Opracował: dr Krzysztof Danielewicz, 03.07.2020 r.

Ciągle pogarszająca się sytuacja bezpieczeństwa w Mali oraz brak jasnych perspektyw jej poprawy powodują wzrost niezadowolenia Malijczyków. Coraz częściej żądają oni już nie tylko reform czy poprawy bezpieczeństwa, ale także ustąpienia ze stanowiska prezydenta Mali Ibrahima Boubacara Keïty (IBK), nie wierząc w skuteczność jego rządów.

5 czerwca 2020 r. w stolicy kraju w Bamako odbyła się wielka demonstracja różnych grup politycznych oraz organizacji społecznych. Tysiące demonstrantów zgromadzonych na Placu Niepodległości w Bamako domagało się rezygnacji IBK. Prezydentowi zarzucano brak skuteczności w rozwiązaniu trwającego od kilku lat kryzysu bezpieczeństwa, korupcję oraz dramatyczną sytuację bezpieczeństwa w kraju. Na banerach znajdowały się też hasła wzywające do uwolnienia lidera największej partii opozycyjnej Union for the Republic and Democracy (URD), Soumaïli Cisségo, który został uprowadzony 25 marca w trakcie prowadzenia kampanii wyborczej do parlamentu. Demonstranci zaczęli się także gromadzić wokół pałacu prezydenta, co wymusiło wysłanie w ten rejon dodatkowych sił bezpieczeństwa. Użyto strzałów ostrzegawczych w powietrze, gazu łzawiącego oraz armatek wodnych. Głównym liderem protestujących był wpływowy lider muzułmański Mahmoud Dicko, do niedawna bliski współpracownik prezydenta. Obecnie zaangażował się w politykę i zarzuca Keïcie brak rezultatów w poprawie sytuacji bezpieczeństwa oraz ekonomicznej. Z uwagi na datę protestów ruch ugrupowań biorących w nich udział został nazwany Movement June5 (June5)[1].
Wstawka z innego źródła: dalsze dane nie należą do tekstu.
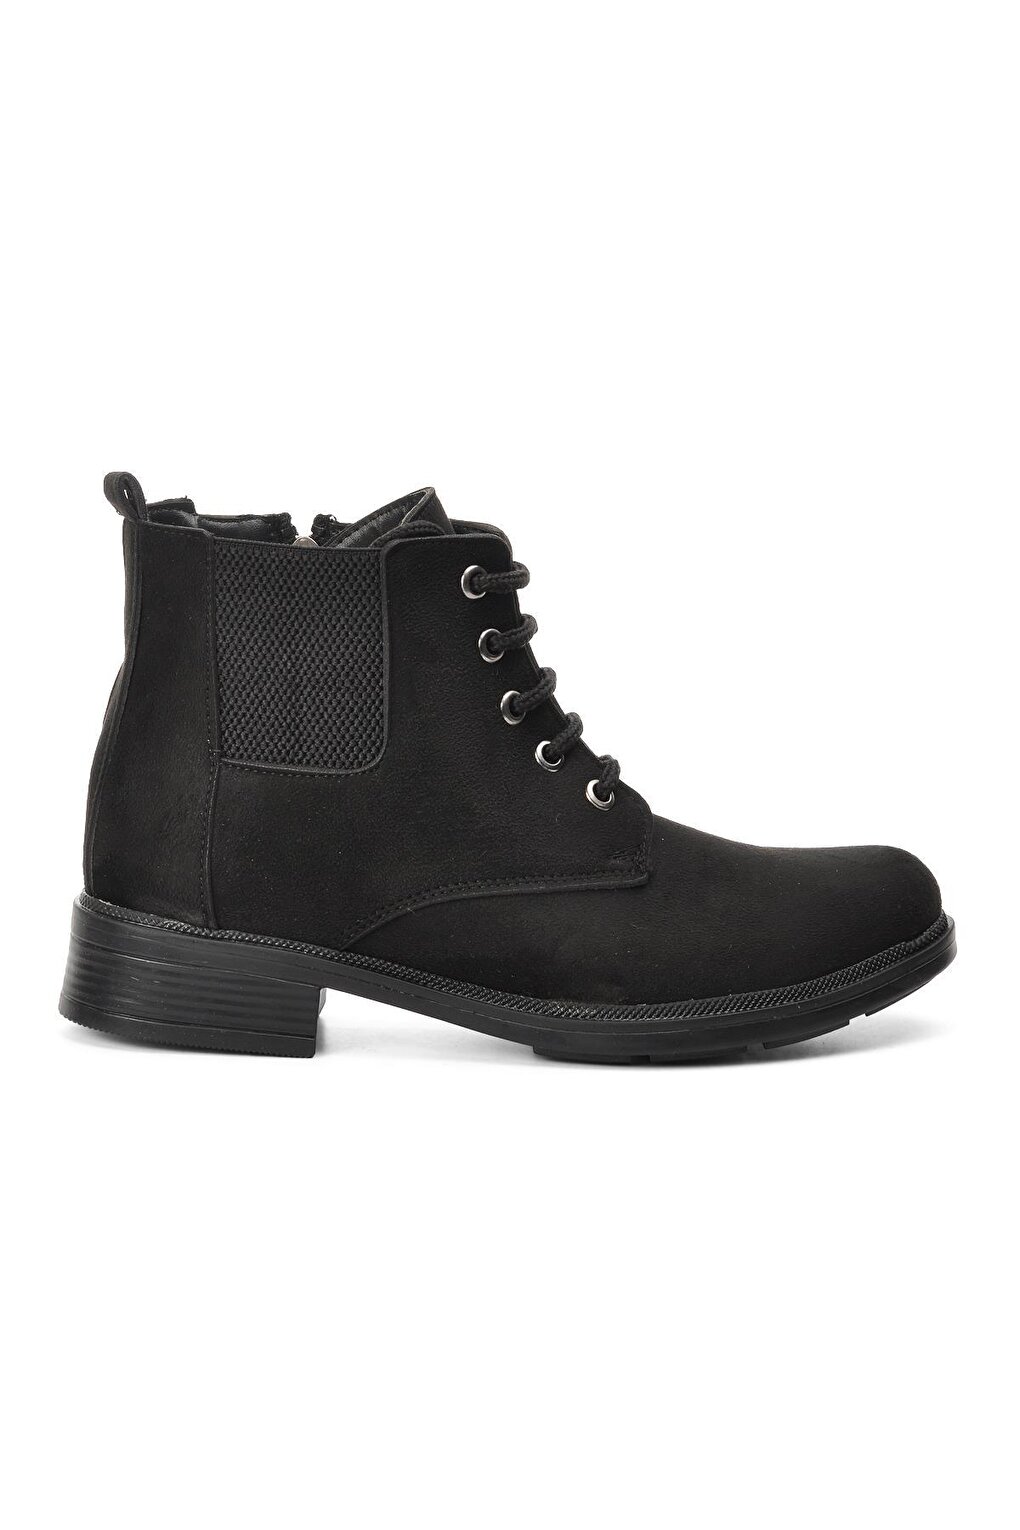 220203 Черные замшевые женские ботинки Ayakmod цена и фото

16 czerwca 2020 r. prezydent IBK w trakcie swojego przemówienia w Bamako poinformował, że porwany 25 marca Soumaïla Cissé żyje oraz że znani są sprawcy porwania. Wielu obserwatorów uważa, że za porwaniem stoją grupy powiązane z Al-Kaidą. Pod wpływem protestów z 5 czerwca IBK oświadczył, że jest w stanie rozpocząć rozmowy na temat powołania nowego rządu jedności narodowej[2]. Jednak podejmowane naprędce działania, mające załagodzić sytuację w kraju, nie uspokoiły ruchu June5. 19 czerwca 2020 r. jego członkowie, wspierani również i tym razem przez lidera religijnego Mahmouda Dicko, po raz kolejny przeprowadzili wielką demonstrację w Bamako, skierowaną przeciwko prezydentowi. Demonstranci, zebrani na Placu Niepodległości, ponownie domagali się jego rezygnacji ze stanowiska. IBK, po długich dyskusjach zmuszony do podjęcia wymiernych działań mających na celu obniżenie napięcia, podniósł m.in. pensje nauczycielom. Obiecał także wprowadzenie wielu reform, w tym powołanie nowego rządu jedności, w którym mają się także znaleźć przedstawiciele opozycji. Prezydent planuje także rozwiązanie powołanego dopiero co zgromadzenia narodowego i sądu konstytucyjnego, co ma uspokoić sytuację. Przedstawiciele opozycji uważają jednak propozycje prezydenta za niewystarczające. Dicko stwierdził, że „IBK nie słucha ludzi i nie uczy się z doświadczeń, ale tym razem zrozumie”. Coraz więcej opozycjonistów chce bezwzględnej rezygnacji IBK, bez względu na reformy, które ten obiecuje wprowadzić[3].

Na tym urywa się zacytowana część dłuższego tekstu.